Una storia di cultura e identità

L’Università Popolare di Trieste (UPT) nasce il 16 dicembre 1899 come istituzione laica e democratica volta a diffondere la conoscenza e l’istruzione tra tutte le classi sociali. Fin dalle origini, l’Ente si propone di rendere la cultura accessibile a tutti, promuovendo la crescita personale e civile attraverso la formazione continua, le conferenze pubbliche, i corsi e le attività artistiche.
Per tutto il Novecento, l’UPT attraversa con tenacia periodi di grandi trasformazioni storiche e politiche: dall’epoca asburgica all’annessione all’Italia, dalle due guerre mondiali alla complessa stagione del dopoguerra. In ogni fase, riesce a rinnovarsi senza tradire la propria missione originaria, divenendo un punto di riferimento stabile per la vita culturale della città e dell’intero territorio giuliano.
A partire dal 1965, su incarico del Ministero degli Affari Esteri e, in seguito, della Regione Autonoma Friuli Venezia Giulia, l’UPT amplia la propria azione oltreconfine, assumendo il compito di sostenere le Comunità Italiane dell’ex Jugoslavia nella tutela della lingua, della cultura e dell’identità nazionale.
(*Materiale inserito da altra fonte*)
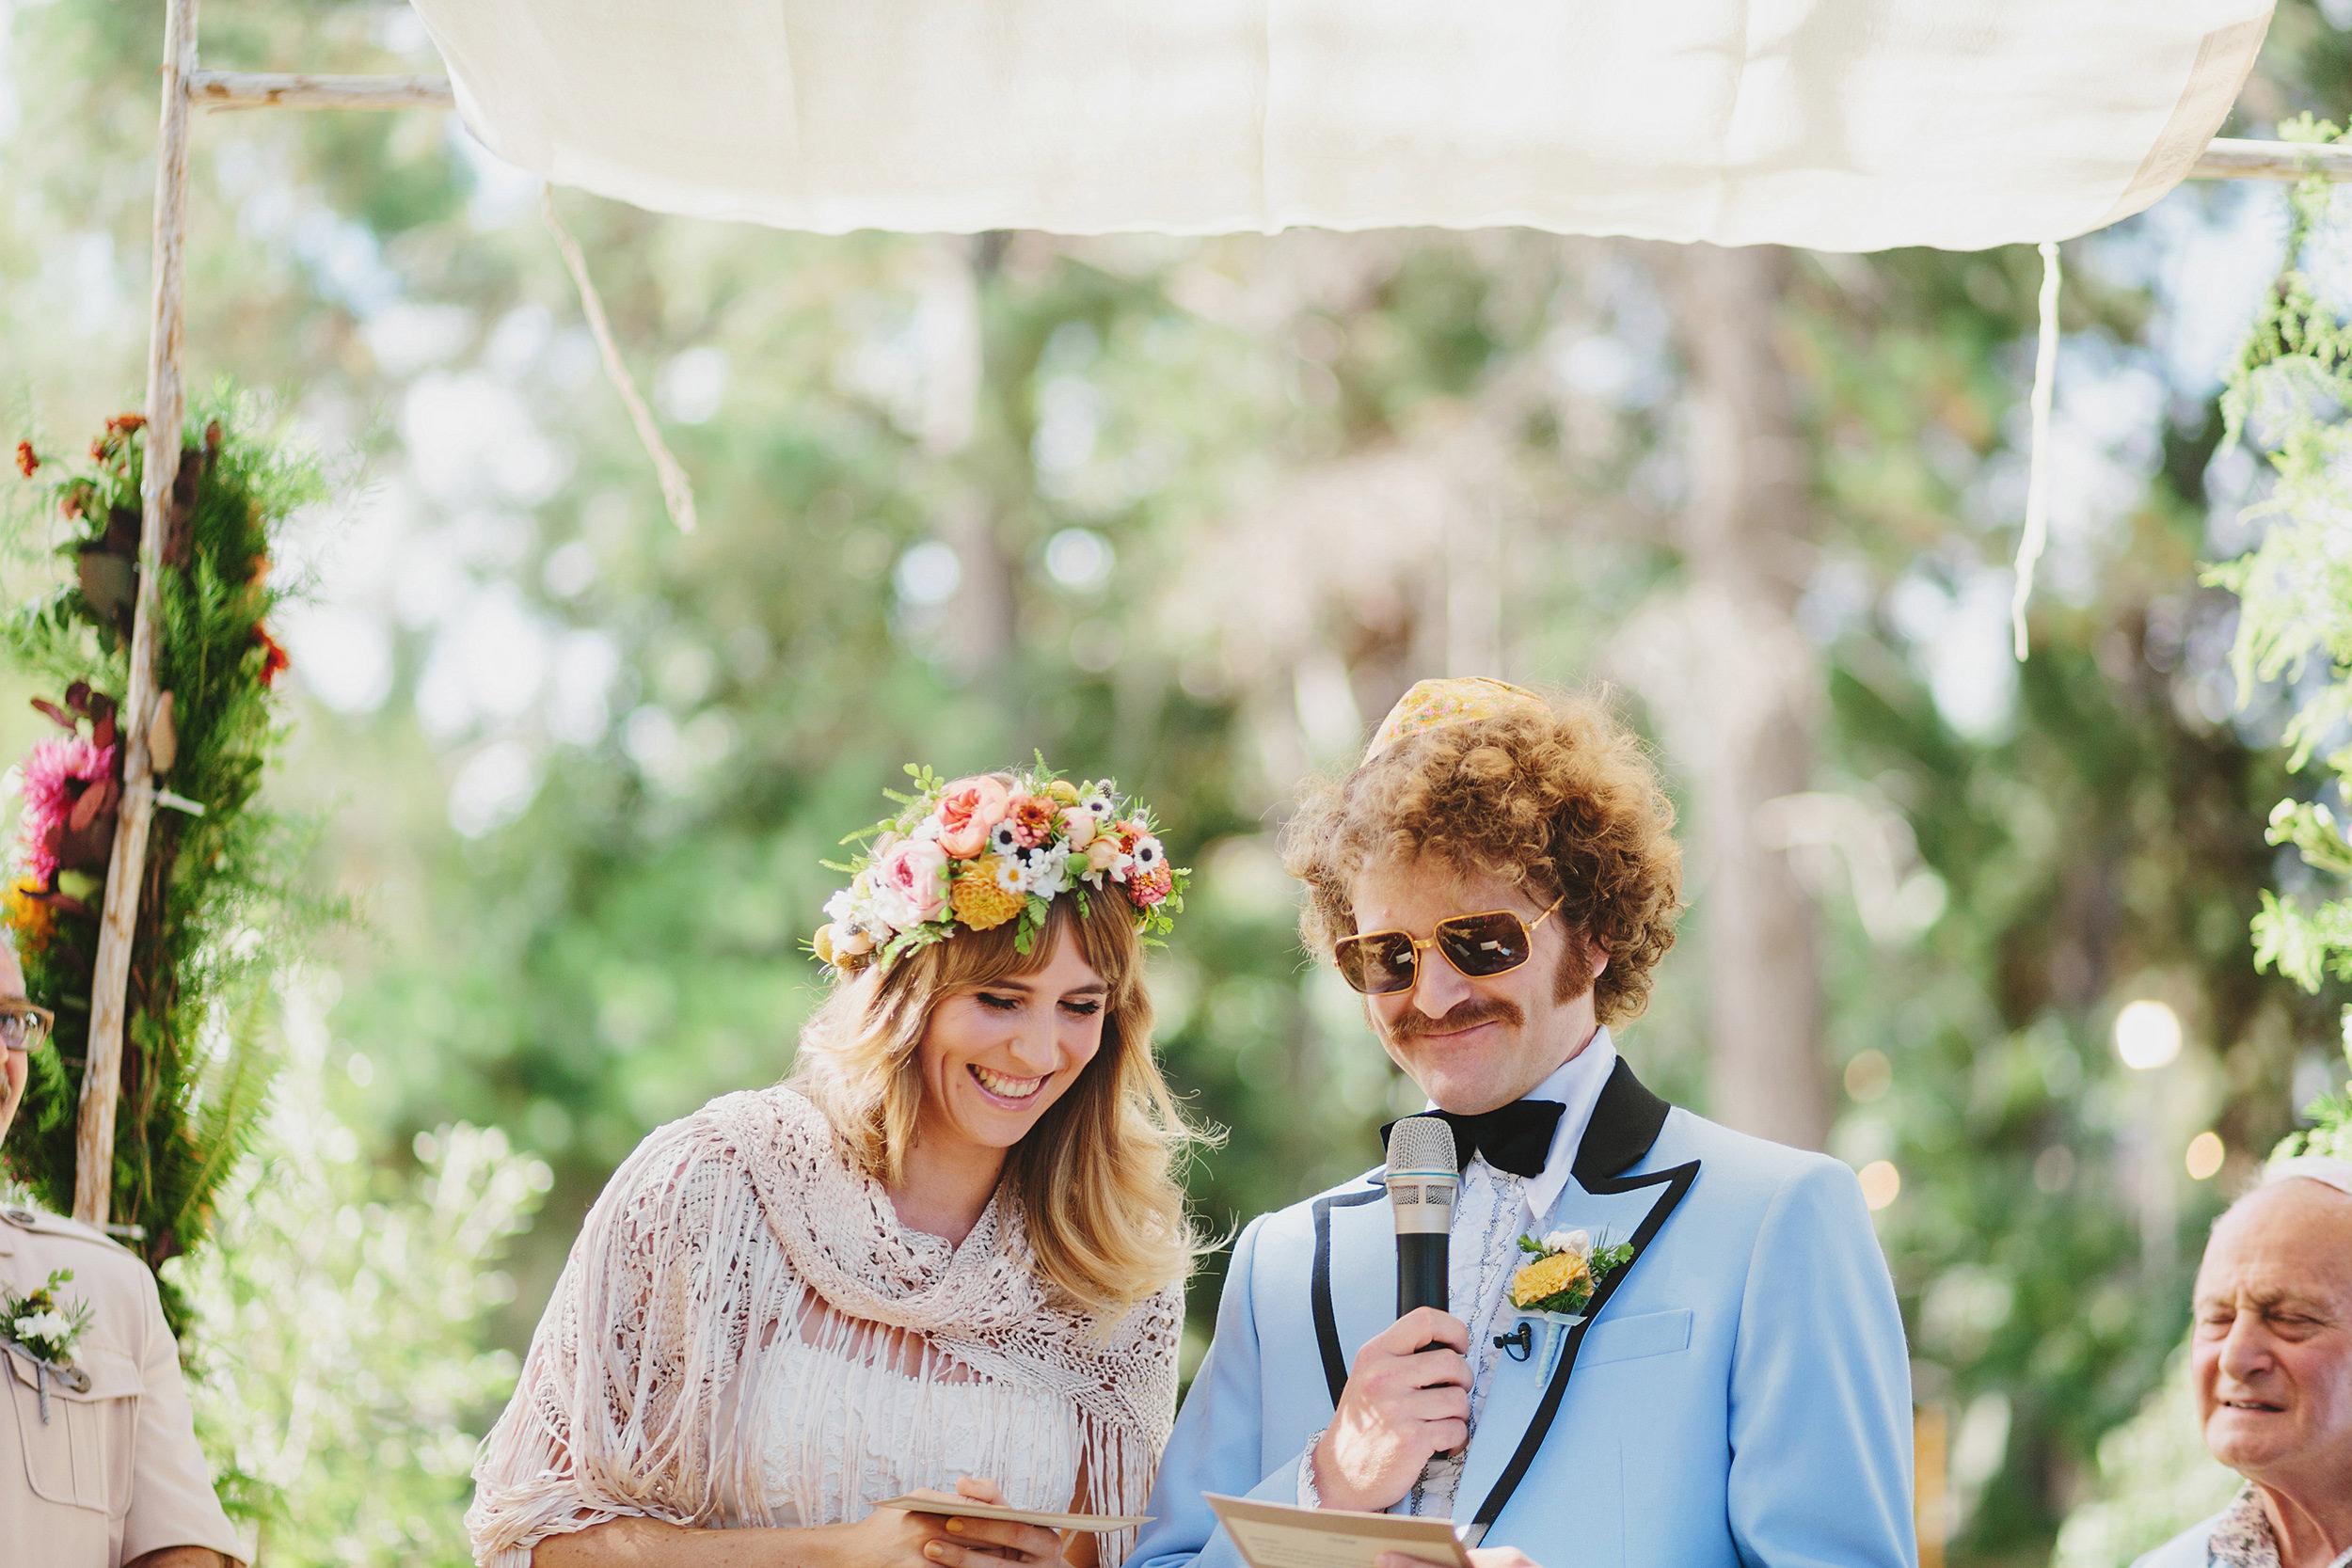 Melbourne_Vintage_Backyard_Wedding_Ben_Erin 025.JPG

Dopo più 50 anni di collaborazione consolidata con tutte le sigle dei soggetti rappresentativi il Mondo dell’Esodo in Italia, dal 2017 l’Ente UPT è firmataria delle convenzioni annuali assieme a Federesuli per l’erogazione e la rendicontazione delle annualità della Legge del 16 marzo 2001, n. 72, recante “Interventi a tutela del patrimonio storico e culturale delle comunità degli esuli italiani dall’Istria, da Fiume e dalla Dalmazia”, e successive modificazioni del Ministero della Cultura di concerto con il Ministro degli affari esteri e della cooperazione internazionale.
L’UPT a Trieste: una cultura diffusa e popolare
L’Università Popolare di Trieste è profondamente radicata nel tessuto cittadino. Nata per offrire a tutti i cittadini opportunità di apprendimento, è oggi una presenza riconosciuta e autorevole nel panorama culturale locale.
Con le sue attività, corsi, conferenze e iniziative, contribuisce da oltre un secolo a diffondere una cultura accessibile e partecipata, che unisce generazioni e competenze.
In un contesto in continuo mutamento, segnato da nuove sfide e da un flusso crescente di informazioni, l’UPT continua a essere un punto di riferimento per la formazione, la memoria e il dialogo interculturale.
Sessant’anni di collaborazione con l’Unione Italiana e le Comunità Italiane in Slovenia, Croazia e Montenegro
Dal 1965, l’Università Popolare di Trieste è protagonista di una collaborazione unica nel suo genere con le Comunità degli Italiani in Slovenia, Croazia, Montenegro e Serbia. In stretta sinergia con l’Unione Italiana e con il Ministero degli Affari Esteri e la Regione Autonoma Friuli Venezia Giulia, l’Ente sostiene in quei Paesi la tutela e la promozione della lingua e della cultura italiana attraverso un’ampia rete di progetti e attività.

Le azioni dell’UPT comprendono borse di studio, corsi di formazione e di aggiornamento per insegnanti, fornitura di libri di testo agli alunni delle scuole italiane, iniziative culturali e formative rivolte a studenti, docenti, operatori culturali e associati alle sedi comunitarie.
L’obiettivo è duplice: garantire la continuità linguistica e culturale e rafforzare l’identità delle nuove generazioni italiane autoctone, favorendone il legame con la madrepatria. Un’attenzione particolare è rivolta anche ai mezzi d’informazione in lingua italiana, come l’Edit di Fiume e RTV Capodistria, presìdi di identità culturale.
La sfida del futuro sarà quella di unire la tutela della memoria storica con le esigenze delle nuove generazioni, sfruttando i nuovi linguaggi digitali senza rinunciare alla verità dei fatti. Conoscere le proprie radici non significa chiudersi nel passato, ma costruire il futuro su fondamenta solide. L’UPT continuerà a essere il ponte culturale e identitario che unisce Trieste alle Comunità italiane dell’Adriatico orientale.
La Medaglia d’oro
Nel 1997, all’Università Popolare di Trieste è stata conferita la medaglia d’oro del Presidente della Repubblica Italiana per la scuola, la cultura e l’arte.